Three Answers: Jennifer Gilmore
by Dick Donahue, PW Daily -- Publishers Weekly, 6/12/2006
Three Answers today are from Harcourt publicity director Jennifer Gilmore, whose debut novel, Golden Country, will be published by Scribner in August.
PW: Knowing how tough the publishing business is on authors, why would you want to put yourself through it?
JG: When you’re writing out there alone in the world, you don’t realize how many stages a book goes through—how many people have to see it, and how many people have to love it, especially fiction. And it’s true. I mean in a way it’s very demoralizing to work as an author and to work in publishing. But, I was already working on the book when I started at Harcourt. I’ve been working on this book for six years. So if you have a choice about it, yeah, don’t do it. I just always felt driven to do it.
PW: Has your own experience made it difficult to back off and not try to do your publicist’s job?

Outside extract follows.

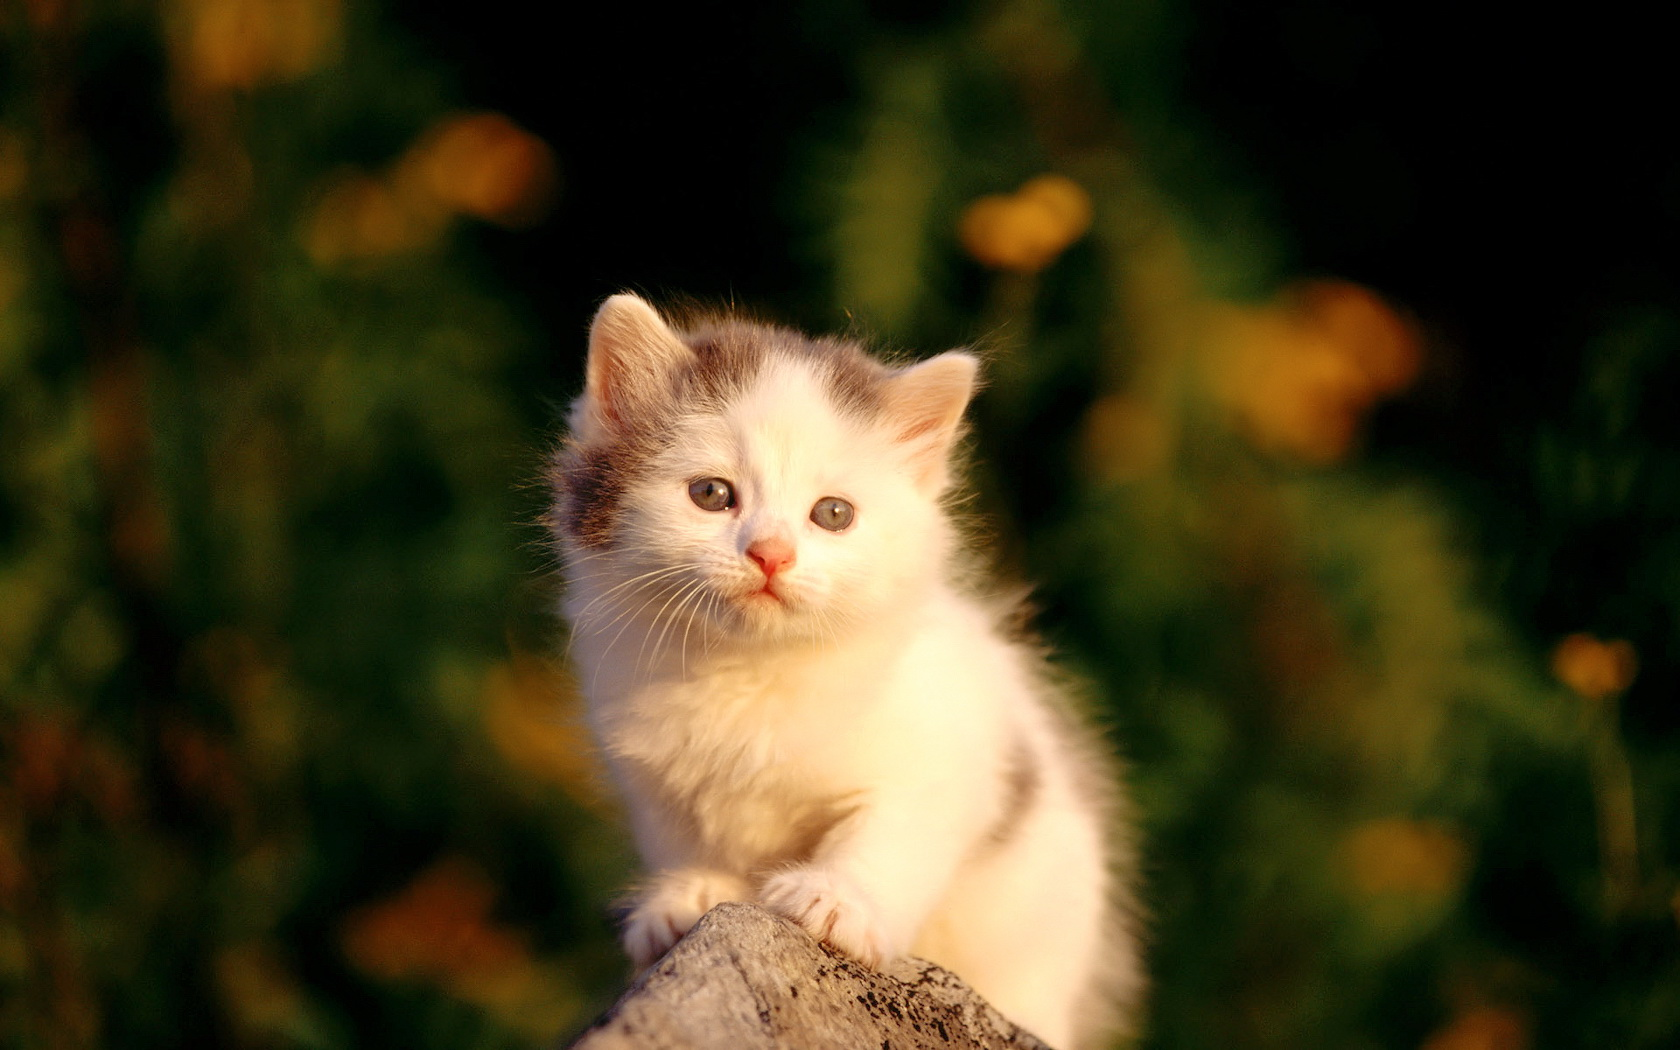 Cute Cats Wallpapers Free Download Hd Desktop Wallpapers 4k Hd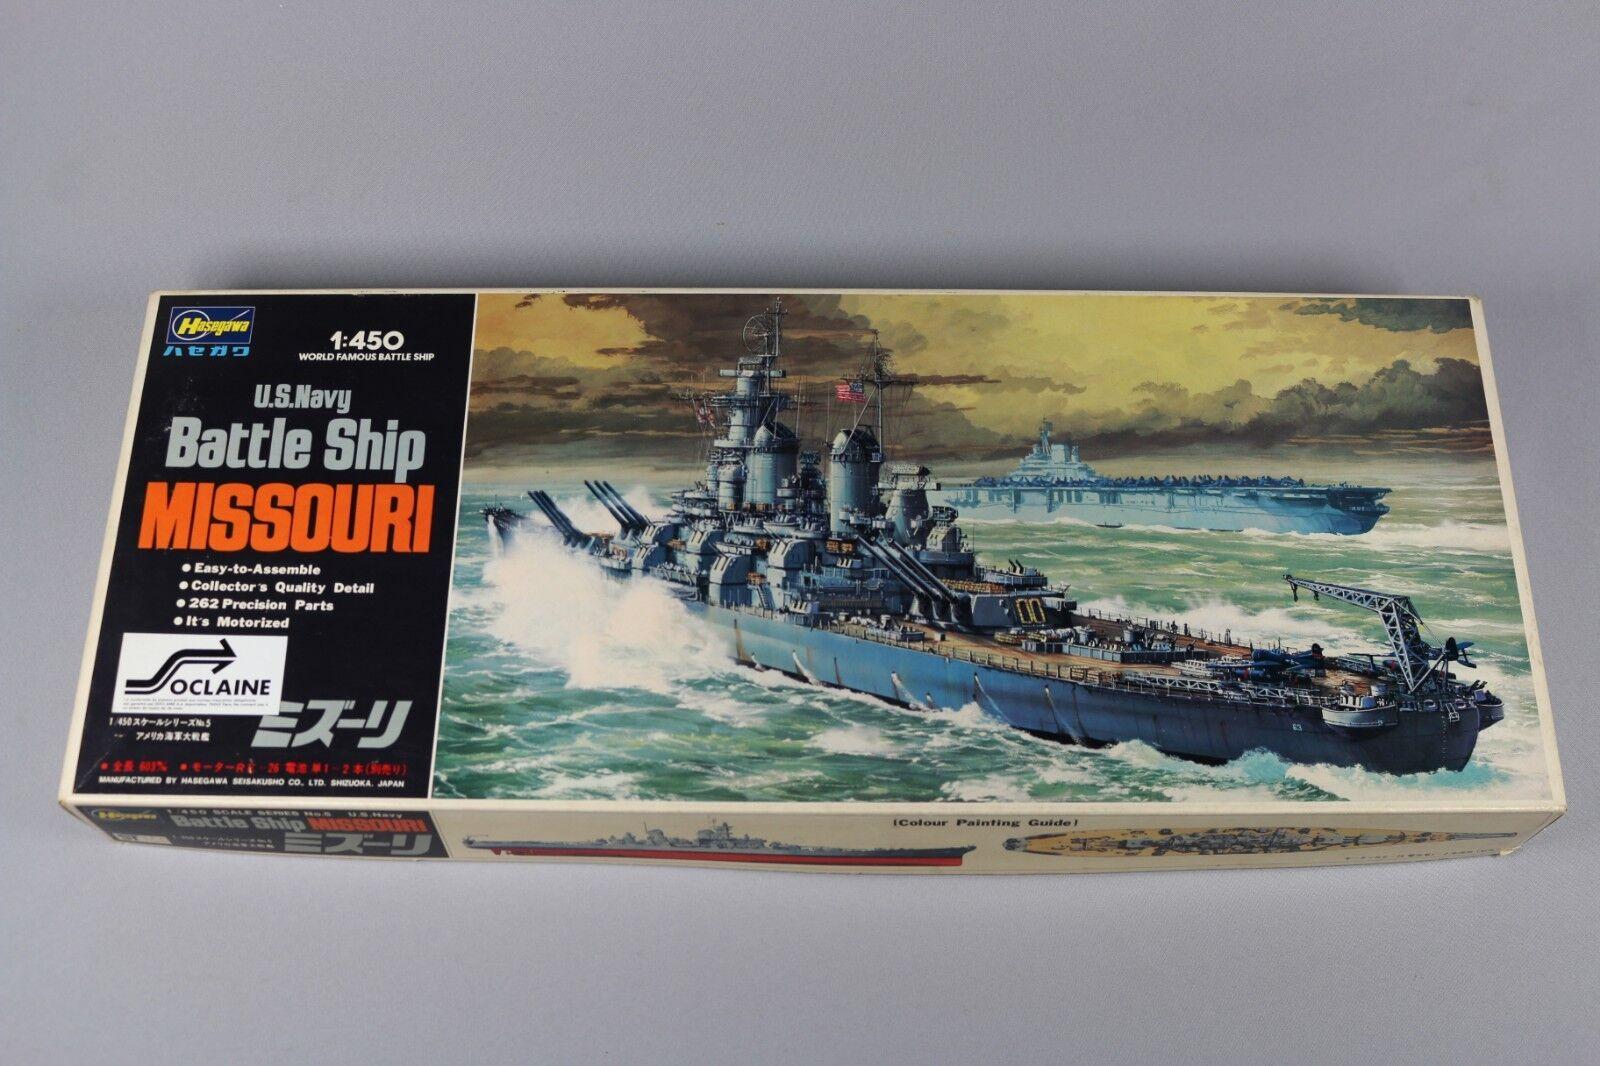 Zf041 Hasegawa 1 450 Maqueta Barco 40005 Z5 Us Navy Battle Ship Missouri 1980

JG: In general—I don’t know if my publicist would agree—I think it’s made me easier on the publicity aspect. Because I know how difficult it is to be harangued by an author, and how hard people actually do work. But I also know all the things that can go wrong, and so I’m trying to strike a balance of not bugging everyone to death but at the same time doing what I can do. But I go out to lunch with people all the time and I’m not in any way talking about my book. People ask me about it, but I don’t want to make them uncomfortable. I’m not a rabid self-promoter; at least I don’t think so. I gave this talk at BEA about being a first-time author and first-time promotion. I said in the end you’re an author; you’re not a publicist. And you have to in some way let your book go.
PW: The old axiom says, “write what you know.” Did you?
JG: I think “write what you know” is sort of dangerous, when you have so many first-time authors who are writing so much about what they know. It’s sort of claustrophobic—interior, very present—that’s sort of what’s come out a lot lately. I was trying to resist that. I know Jewish-American literature; I used to teach it, and I was sort of fascinated by the tropes of it, so in that way I am sort of writing about what I know. But my challenge, I guess, was taking these ideas I had about America, immigrants, that kind of thing, and attaching it to my family. I’ve played fast and loose with facts, but there was a way to have an emotional connection without writing, “this is how it feels like to be however old I am in New York right now.” I lost interest in that.